In 2010, José “Pepe” Mujica, a Tupamaro leader imprisoned for 12 years during the period known as the civic-military dictatorship (roughly 1973-1985), was elected president of Uruguay. Vilariño  did not live to see this outcome but she did help to create it. As dictatorship consolidated its hold on Uruguay in the 1970s, Los Olimareños were banned. More than a decade went by before they were allowed to play again, on May 18, 1984. One of the people in the crowd of 50,000 at Montevideo’s Estadio Centenario that night was Vilariño. When the band broke into “Los orientales,” every voice in the stadium joined in, Vilariño’s among them.

Porque dejaron sus vidas,
sus amigos y sus bienes,
porque les es más querida
la libertad que no tienen,
porque es ajena la tierra
y la libertad ajena
y porque siempre los pueblos
saben romper sus cadenas.
 
 
For they gave up their lives
their friends and their possessions,
for what they love more
is the freedom denied them
the land is taken from them
freedom taken from them
but the people will always
know how to break their chains.

“It didn’t matter whether the song was mine or not,” she said. In an introduction to her collected song lyrics, she wrote, “No one remembered who’d written the words to ‘Los orientales’ … [T]he whole stadium sang them, with enormous collective emotion. And so did I, there amid all of them. Nobody.”

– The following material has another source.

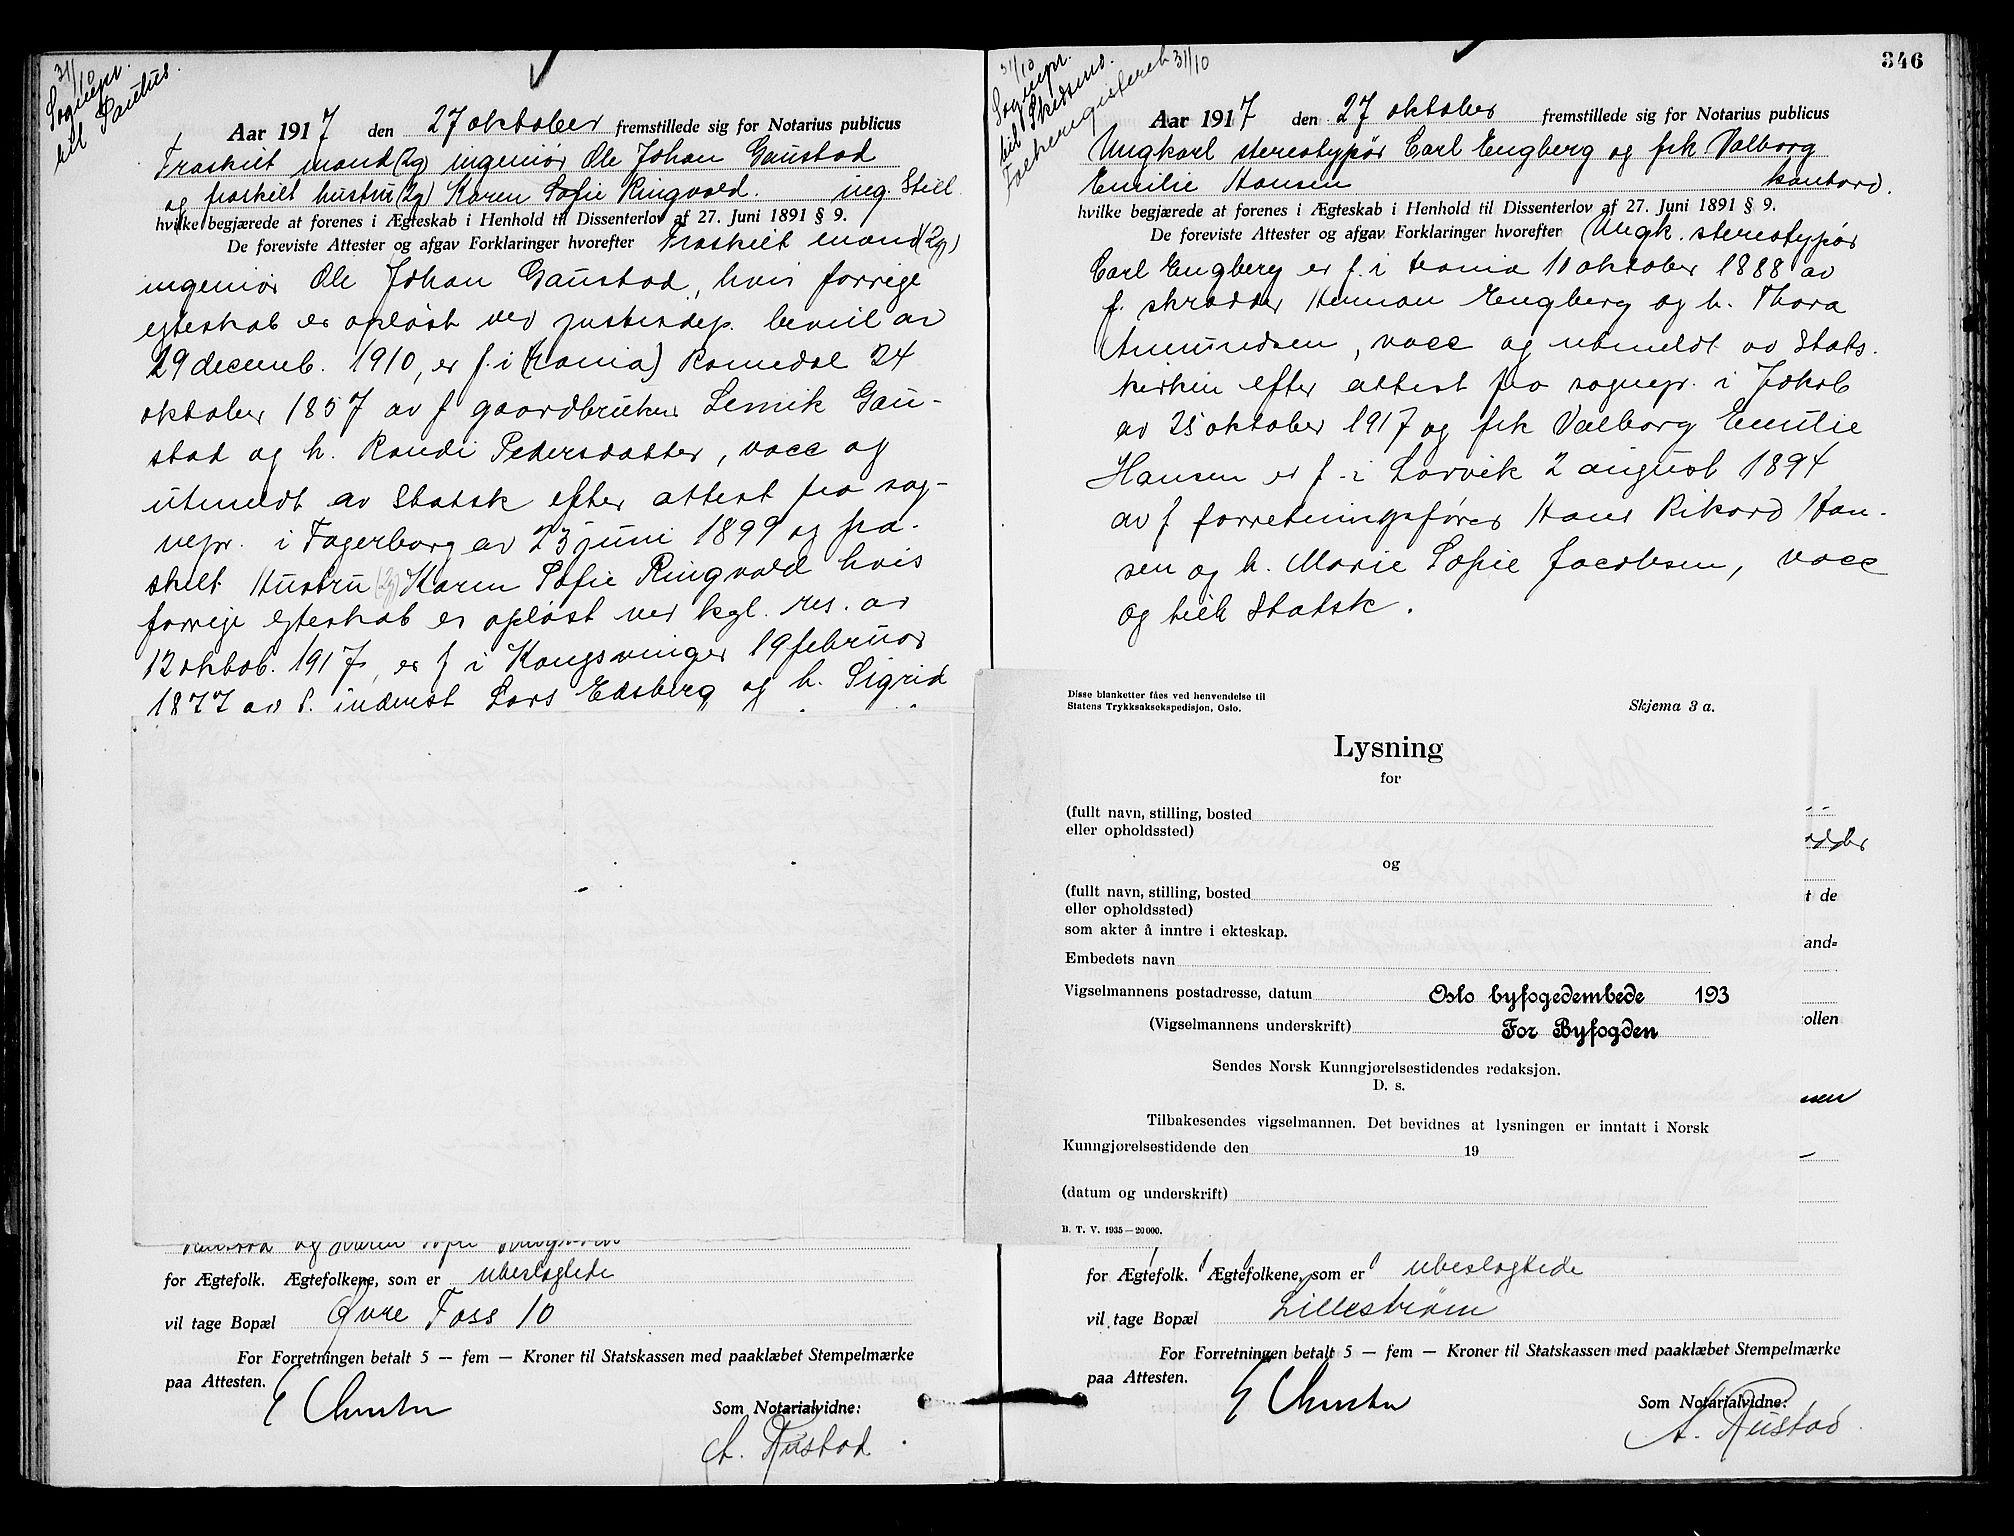 SAO, Oslo byfogd avd. I, L/Lb/Lbb/L0011: Notarialprotokoll, rekke II: Vigsler, 1916-1918, s. 345b-346a
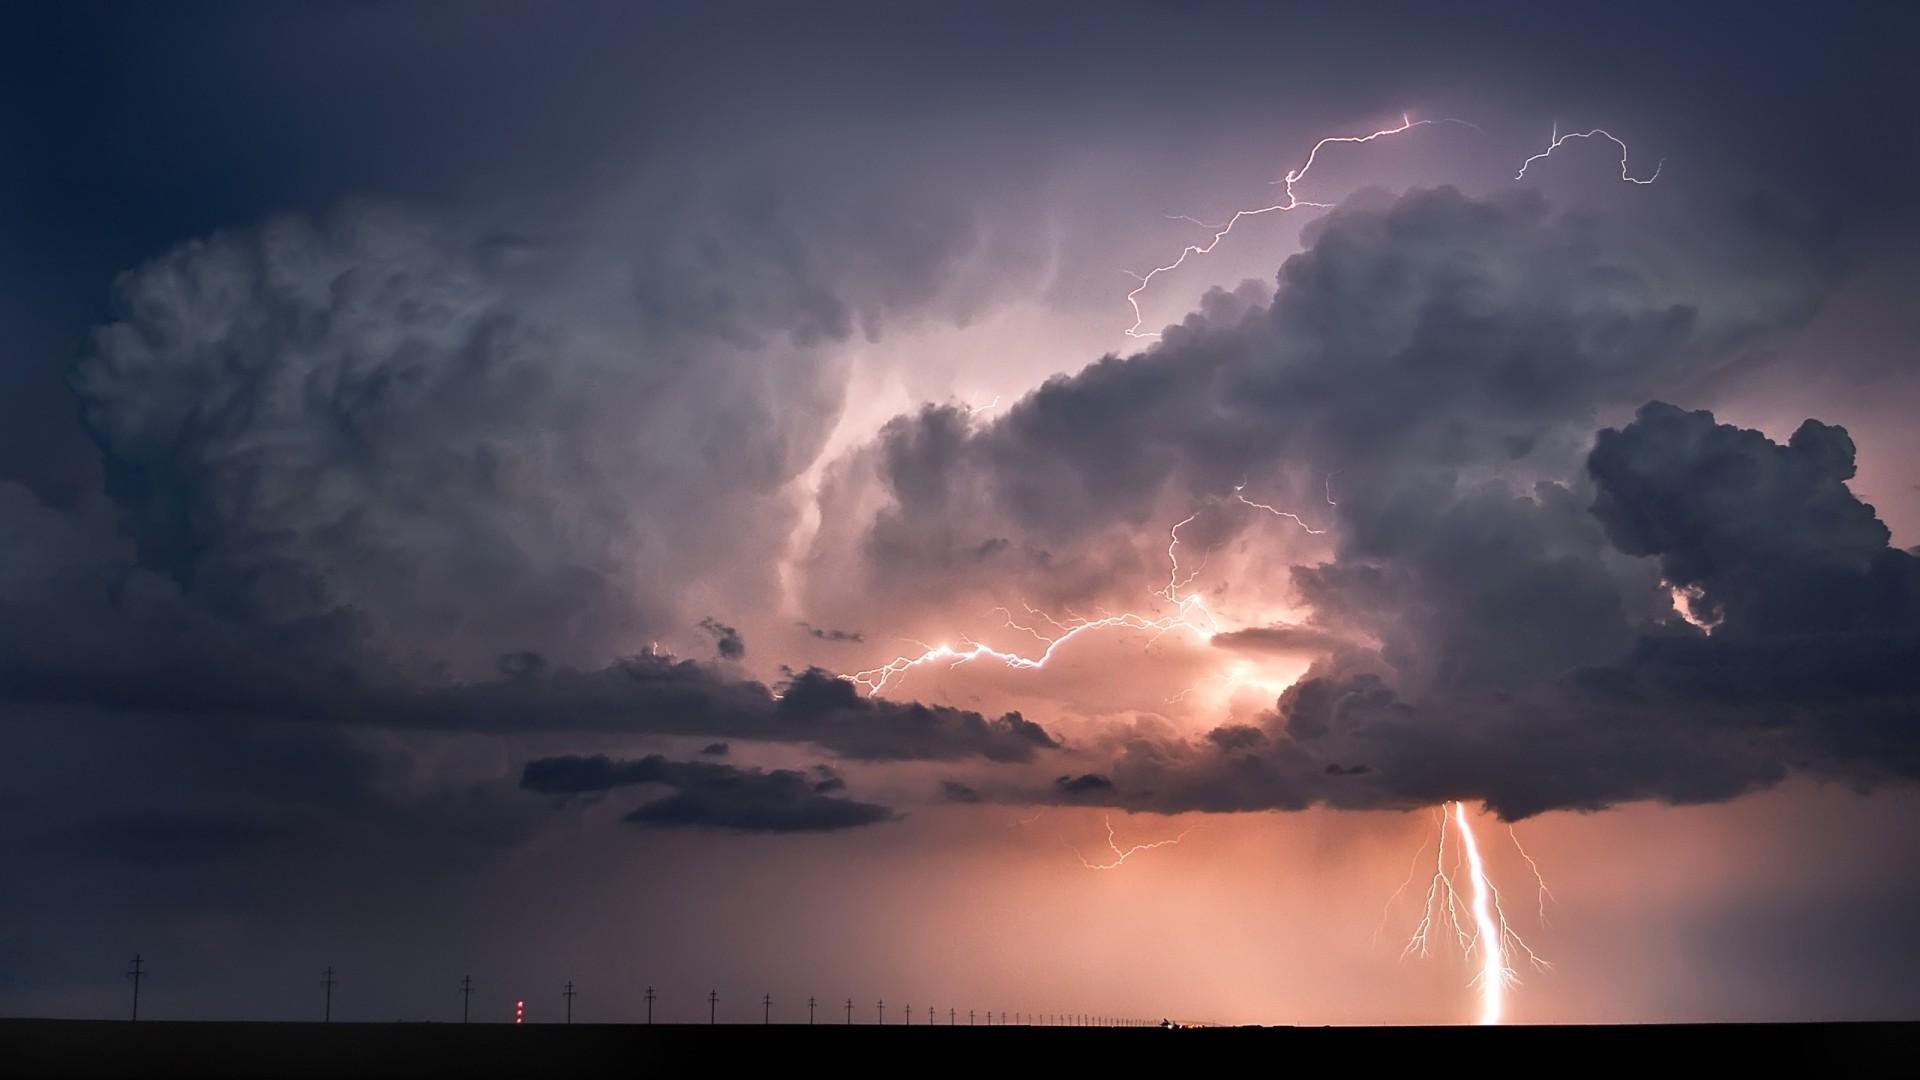 wallpaper : 1920x1080 px, clouds, horizon, landscape, lightning

In that ocean of sound, Vilariño, the woman who wrote the words everyone was singing, was only another voice. She was erased.

Translations of poems not included in the Poemas de amor are those of the author.

Esther Allen is a professor at City University of New York. Her translation of Argentine novelist Antonio Di Benedetto's 1956 novel Zama (NYRB Classics, 2016) won the National Translation Award. With support from a Guggenheim Fellowship, she has since translated Di Benedetto's The Silentiary (1964) and The Suicides (1969). She is working on a biography of José Martí.